Come back to the file test.py, we will try using the function above.

First, we need to load the image and do some preprocessing steps including converting to numpy array, expanding dimension for feeding into the network, and scaling the pixel value to the range [0, 1].

# A PIL object
img = load_img('/media/data-huy/dataset/StanfordDogs/train_val_test/train/n02085620-Chihuahua/n02085620_1558.jpg', target_size=(128, 128))
# Convert PIL object to numpy array
img = img_to_array(img)
img = np.expand_dims(img, axis=0)
# img = model.preprocess_input(img)
img = img/255

To get the output of a layer, we need to create a submodel whose inputs is still the model.inputs and outputs is the output of the layer that we want to get. Then, use the new created model to predict and return feature maps.
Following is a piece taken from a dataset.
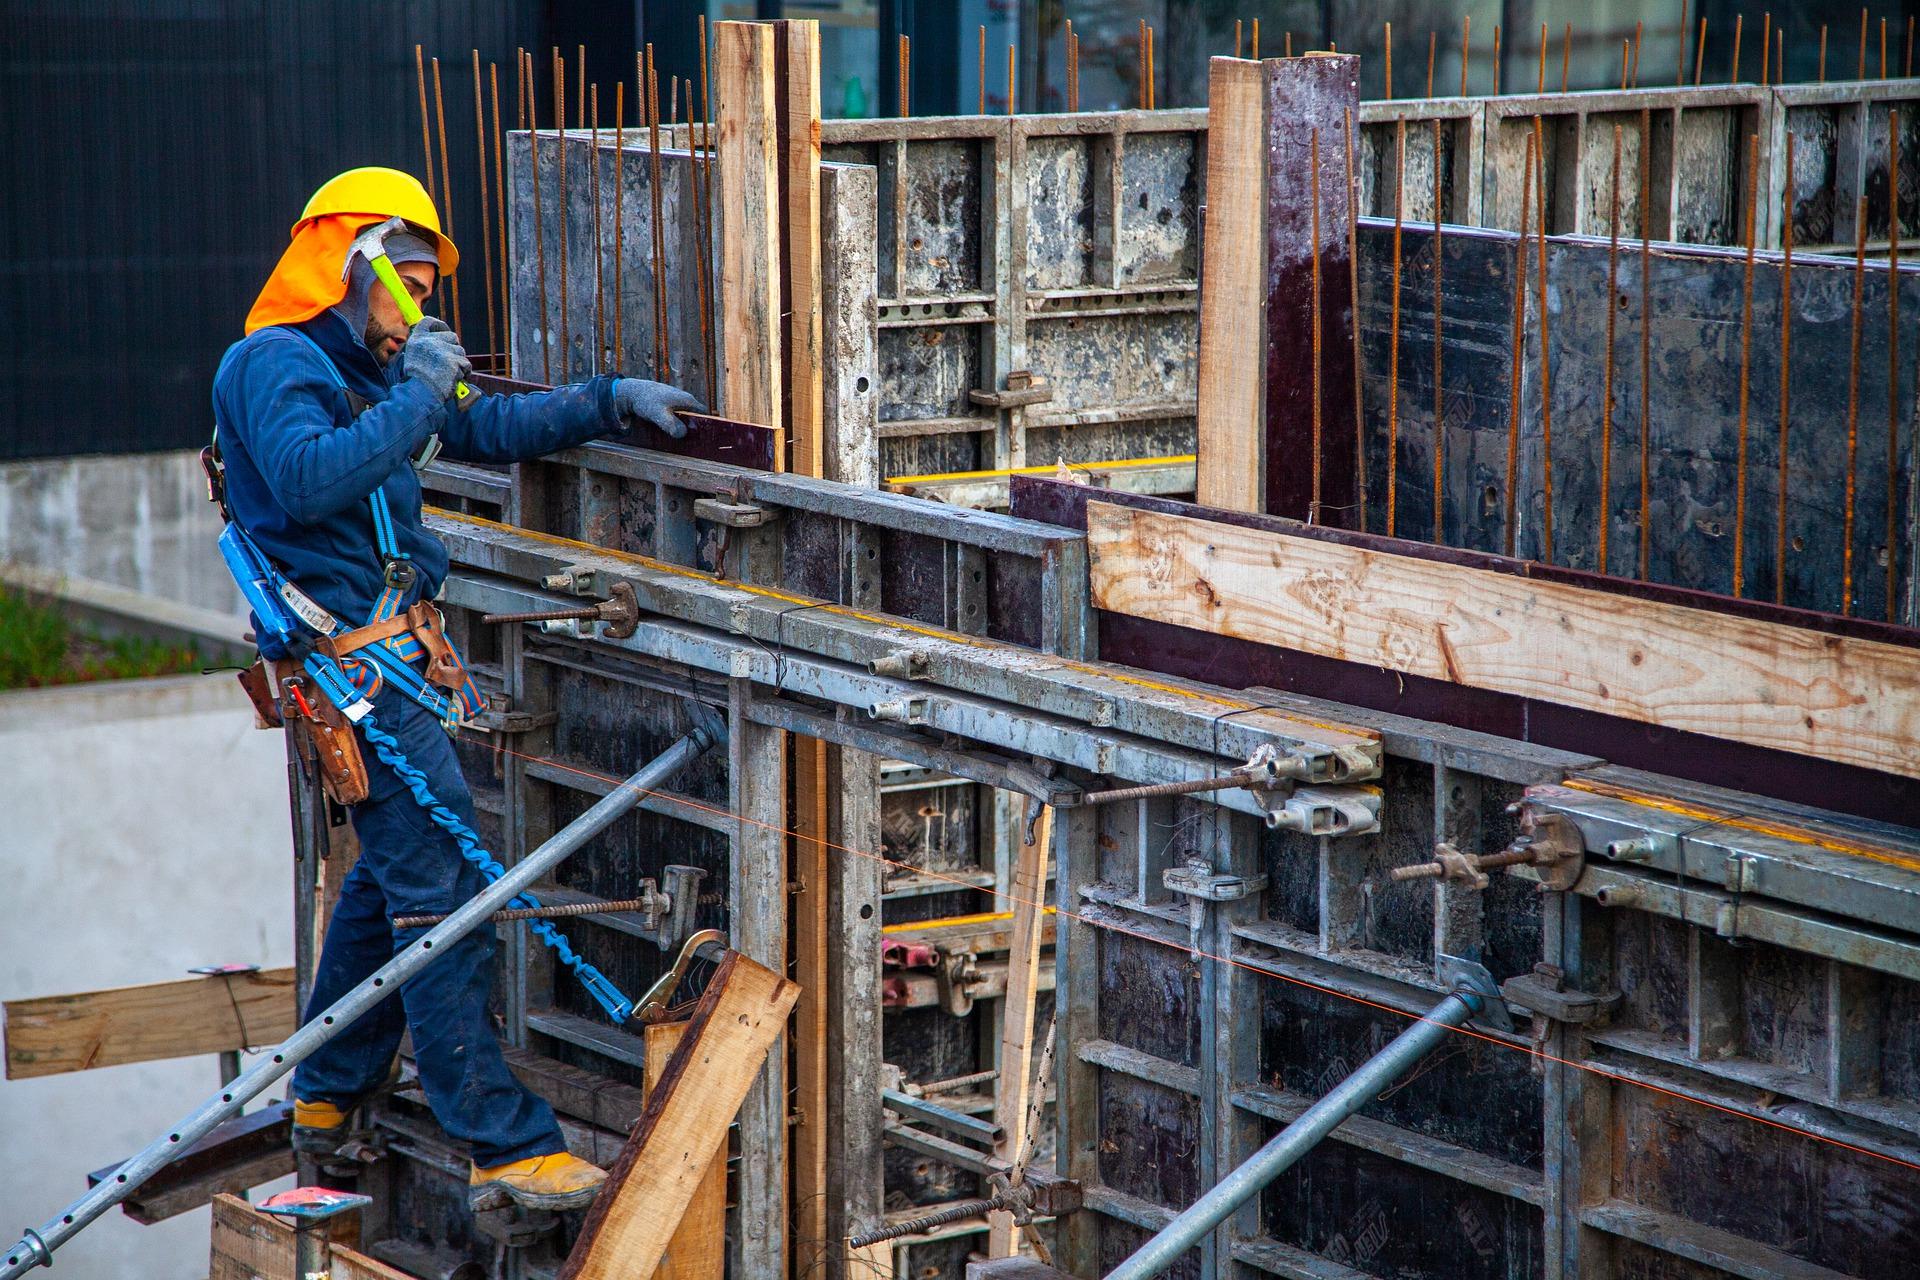 worker-6586718_1920
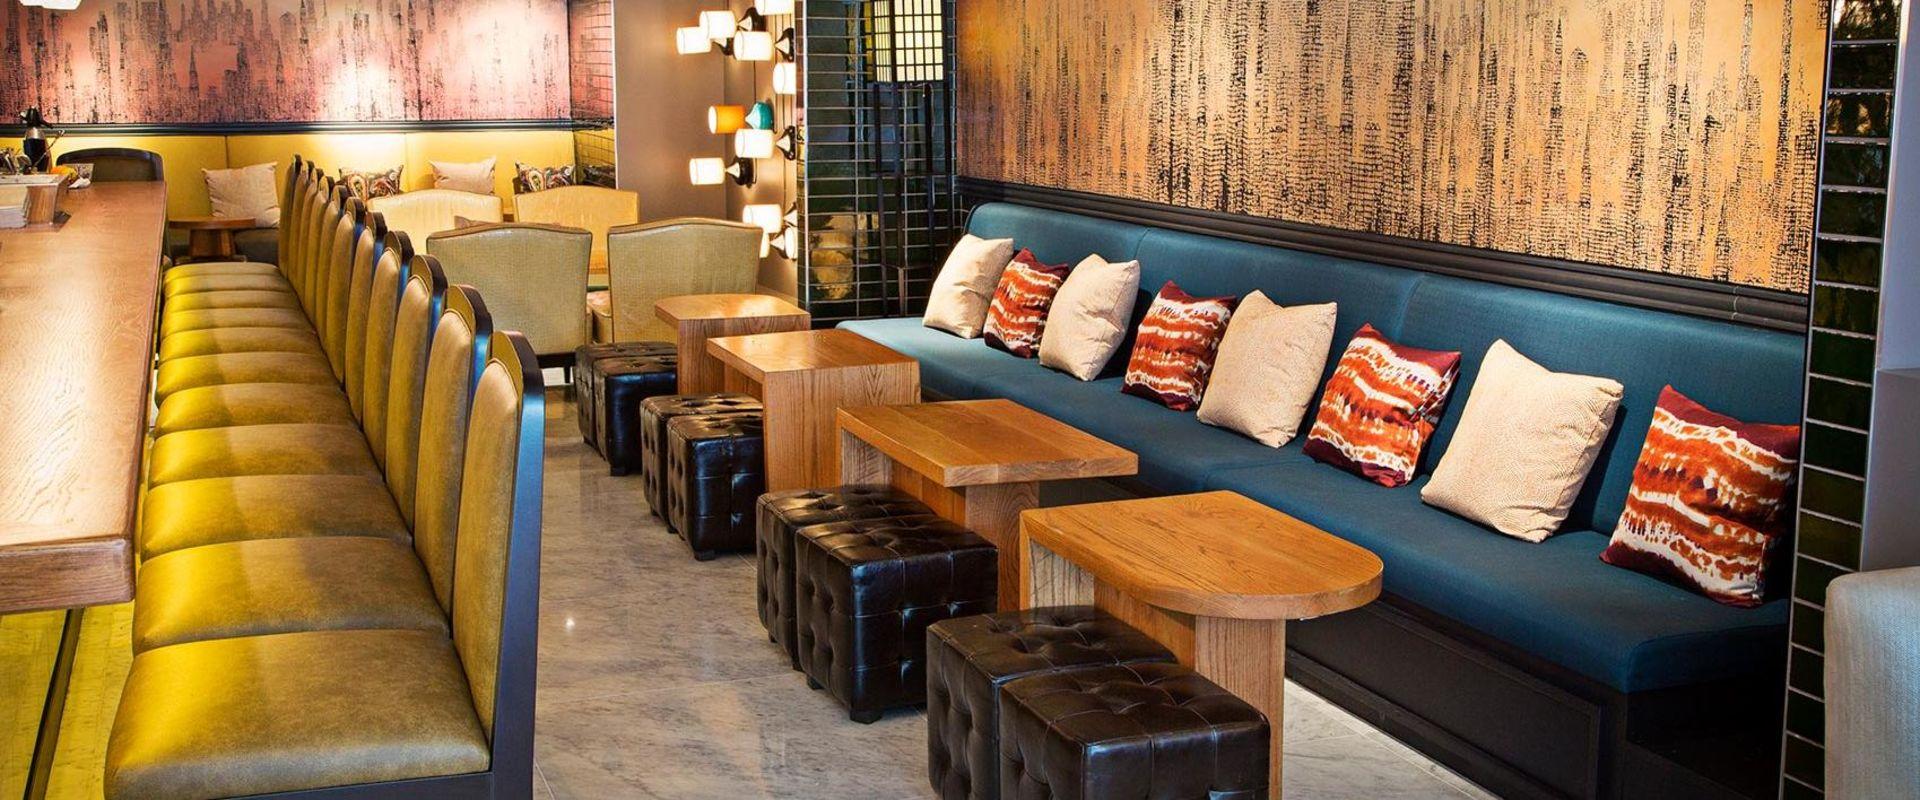 Dupont Circle Bar & Lounge

model_1 = Model(inputs=model.inputs, outputs=model.layers[0].output)
feature_maps_1 = model_1.predict(img)
print('[*] feature_maps_1.shape: ', feature_maps_1.shape)

The last thing is to call the function plot_feature_maps_of_a_layer on the returned feature maps.

plot_feature_maps_of_a_layer(feature_maps_1)

Some notes

  • The input image needs to be preprocessed like the same in the training stage.
  • You can see the shape of the dog in all the feature maps, except that some just contain edge information and some are grayscale with a focus on patterns like furs, eyes, noses,...
  • Surprisingly, from the first layer we can see that CNN can detect edges like predefined filters of edge detector.

Figure 9: Feature maps of the convolutional layer 1.

Output feature maps from multiple layers

Before visualizing, we need to know the indices of all convolutional layers. Luckily, we have known that they are 0, 1, 2.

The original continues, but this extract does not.